Polls suggest that former Massachusetts Gov. Mitt Romney could run away with the top spot. Two other national figures, former New York City Mayor Rudy Giuliani and Sen. John McCain of Arizona, have said they won't try to compete, even though their names will appear on the symbolic ballot.

So for the next few weeks, the real fight is down on the bubble, where a bunched-up group of second-tier candidates know they had better edge out one another and break from the pack - or else they might as well pack up their souvenirs and go back to their day jobs.

Even without Giuliani, McCain or candidates-in-waiting like former Tennessee Sen. Fred Thompson, King predicted that the straw poll will draw 40,000 to 50,000 GOP die-hards, making it the largest collection of Republicans "in the history of the world."

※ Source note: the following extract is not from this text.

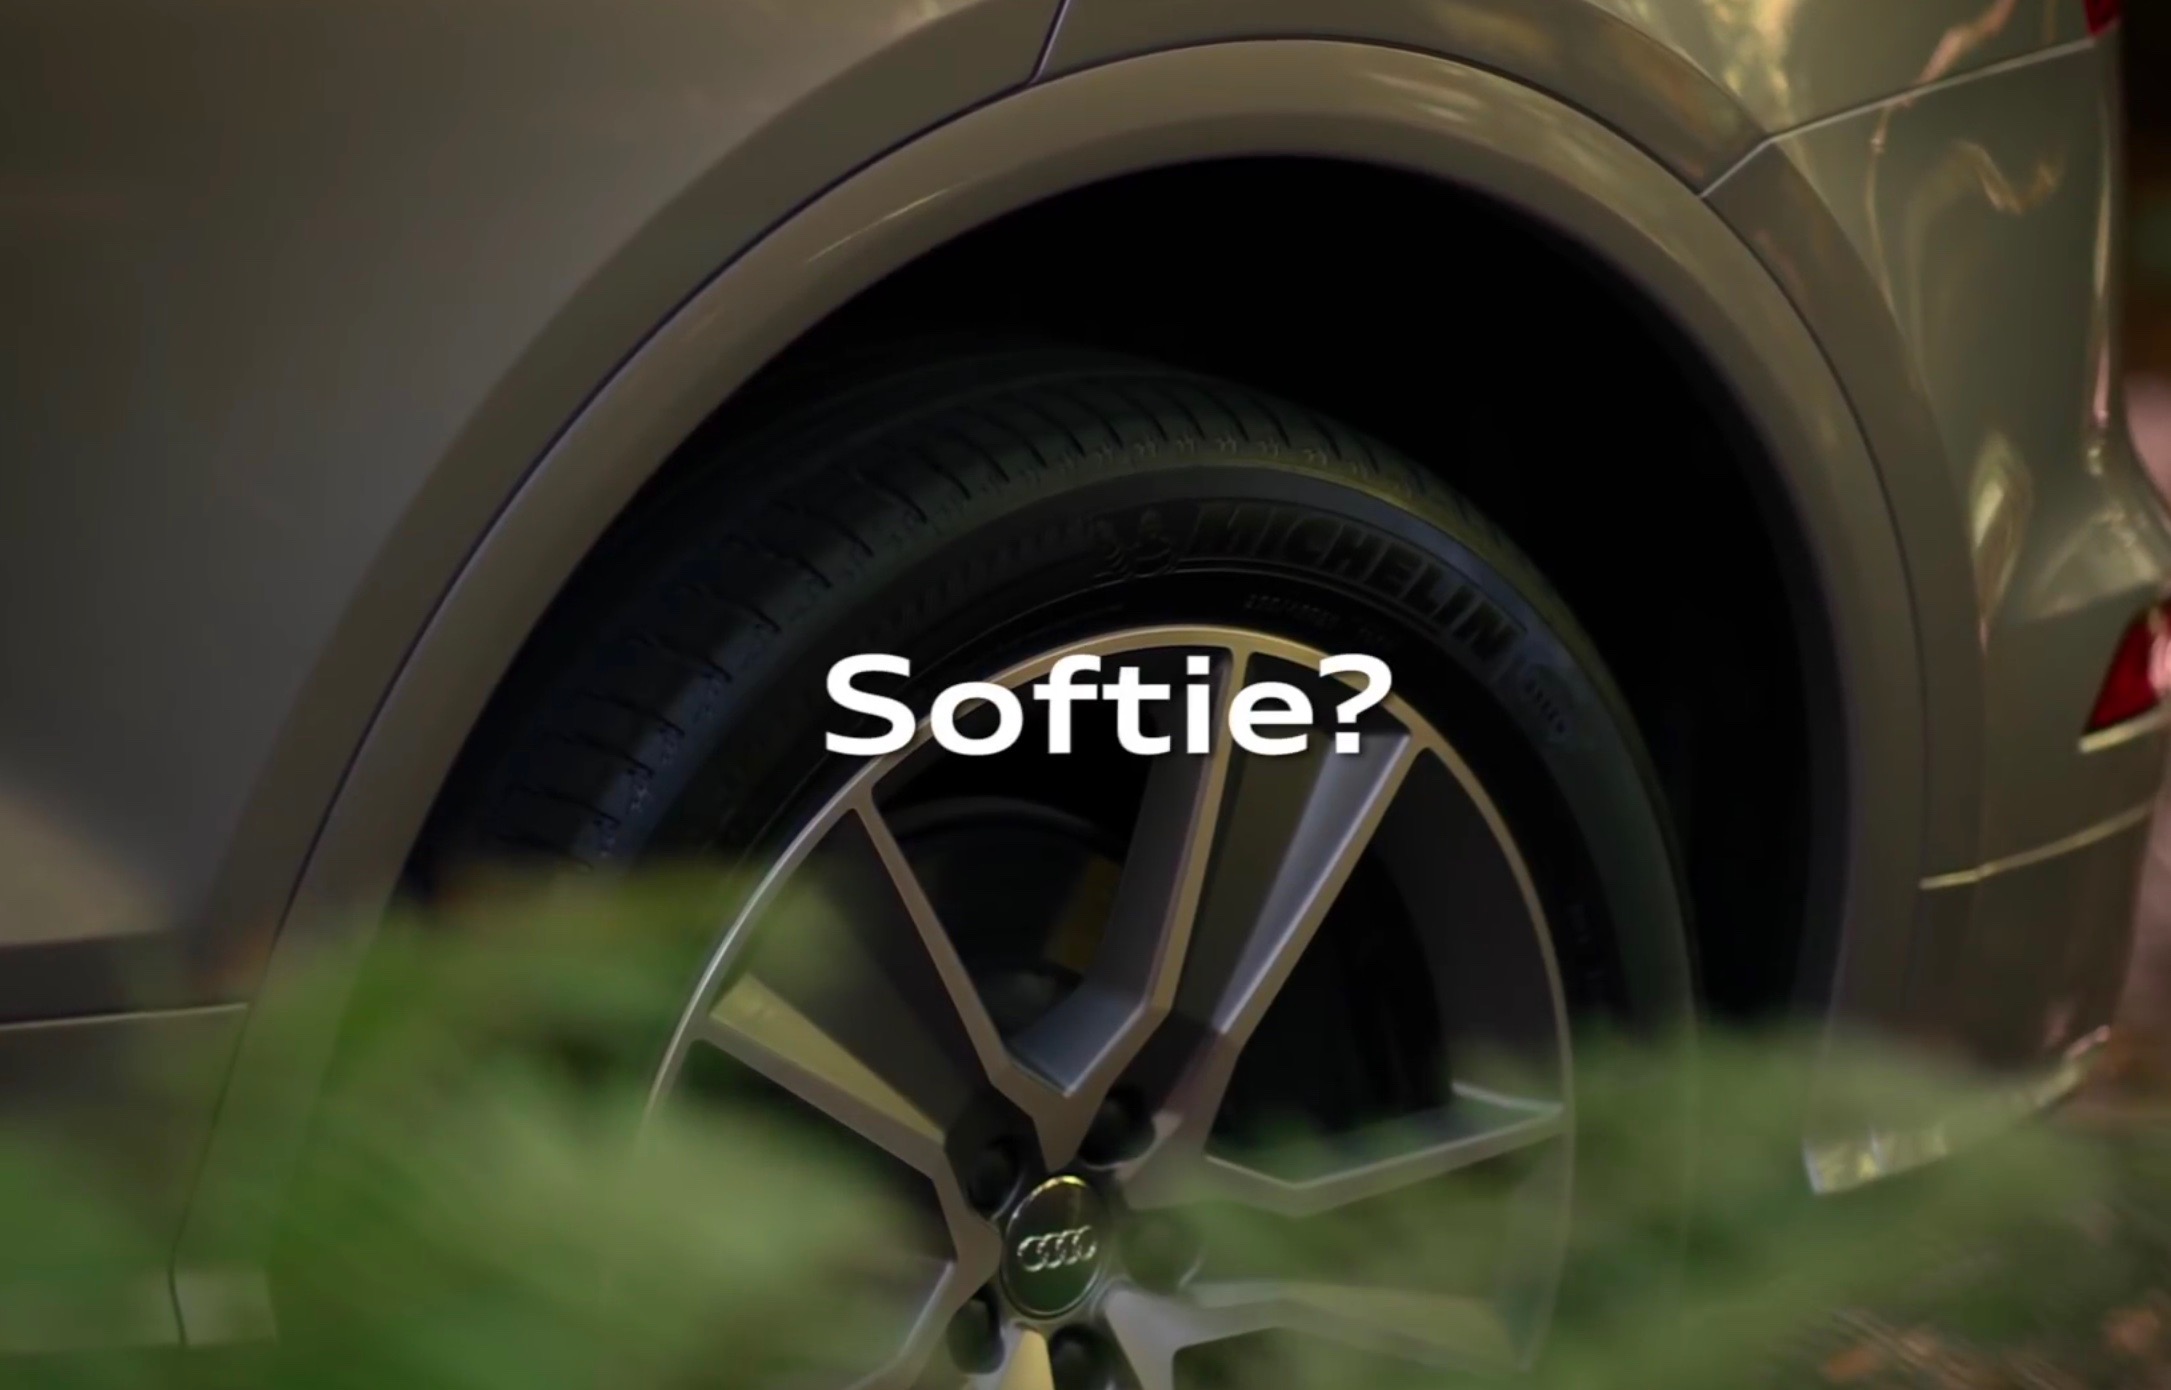 2017 Audi Q5 previewed again, air suspension confirmed (video)

Whether those numbers pan out, the straw poll is expected to be decided by the most conservative segments of the party's Iowa base. And that's why some of the more conservative second-tier contenders are paying less attention to the front-runners and instead are throwing elbows at one another.

Although they didn't show it Saturday, Brownback and Tancredo have been feuding.

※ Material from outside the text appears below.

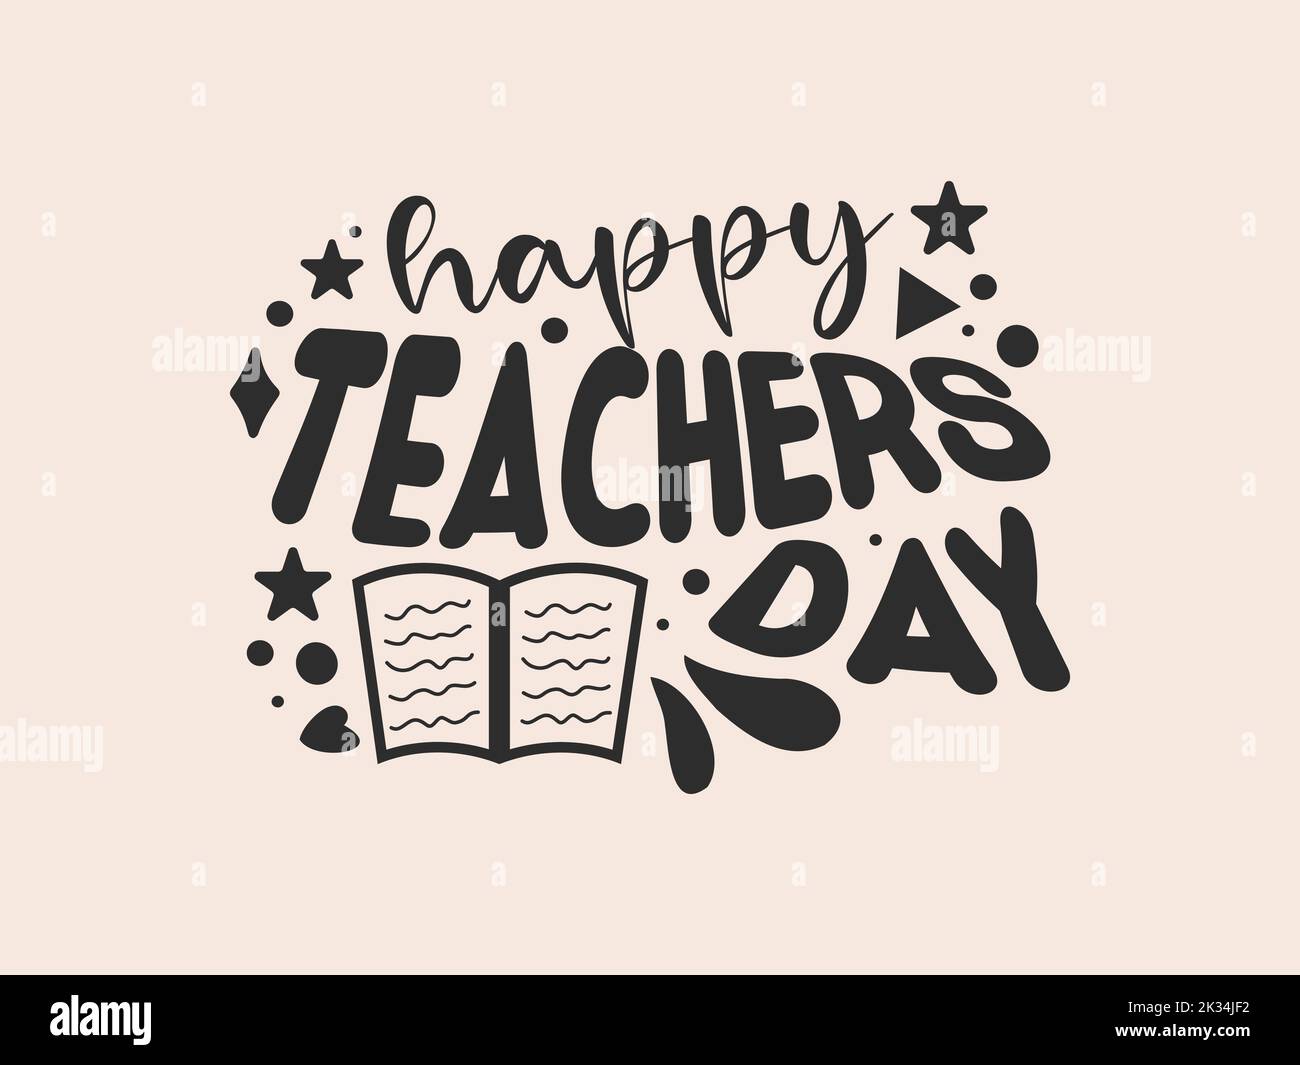 Happy teachers day vector Calligraphy design with creative doodle celebration Stock Vector

Tancredo, the immigration-reform firebrand, has blasted Brownback's past support for a guest-worker plan he equates to "amnesty" for illegal immigrants.

Brownback has fired back on the hot-button abortion issue, saying that Tancredo should return contributions from a longtime supporter who also has funded a Planned Parenthood group in Michigan.

In separate interviews Saturday night, neither man was backing down, although they didn't openly voice their disagreement before the audience.

"Sen. Brownback knows better," Tancredo said. "I know he knows better. He knows how I feel on the position of life (opposing abortion). It's disappointing. It's not a mark of a campaign with great integrity."

But Brownback called again for Tancredo to return the funds.

"I've had people who've given funds to my campaign (but) when I saw where they were on the issues, I said, 'I don't want to associate with those individuals,' " he said.

After Brownback left the community center, Tancredo threw one subtle jab. Minutes earlier, Brownback had told the audience how one of his goals as president would be to help "end deaths by cancer in 10 years."

Tancredo said that when people ask for so many things from government, they shouldn't be surprised how big the government gets. As president, he said, "I will not be able to cure every disease that you have."

While Brownback's feud with Tancredo simmers, he's in another head-to-head rivalry with former Arkansas Gov. Mike Huckabee, who was a last-minute scratch for Saturday's dinner.

Brownback and Huckabee are the two candidates who most directly appeal to evangelical Christian voters.

Brownback touts his "Kansas values," promises he'd begin each day in the White House on his knees, praying for guidance. He tells crowds he wants to be the president who nominates the U.S. Supreme Court justice who tips the scales against Roe vs. Wade.

Huckabee, a former Baptist minister, is appealing to essentially the same base of religious conservatives.

Huckabee recently told The Gazette newspaper here that "in many ways, a president is a political pastor. That's what you do - you lead, you shepherd, you guide - but you don't tell people what to do. You encourage them to do things, but they don't have to do it."

Besides Brownback, Huckabee and Tancredo, other Republicans hoping for a straw- poll breakthrough include former Wisconsin Gov. Tommy Thompson, Rep. Ron Paul of Texas and Rep. Duncan Hunter of California.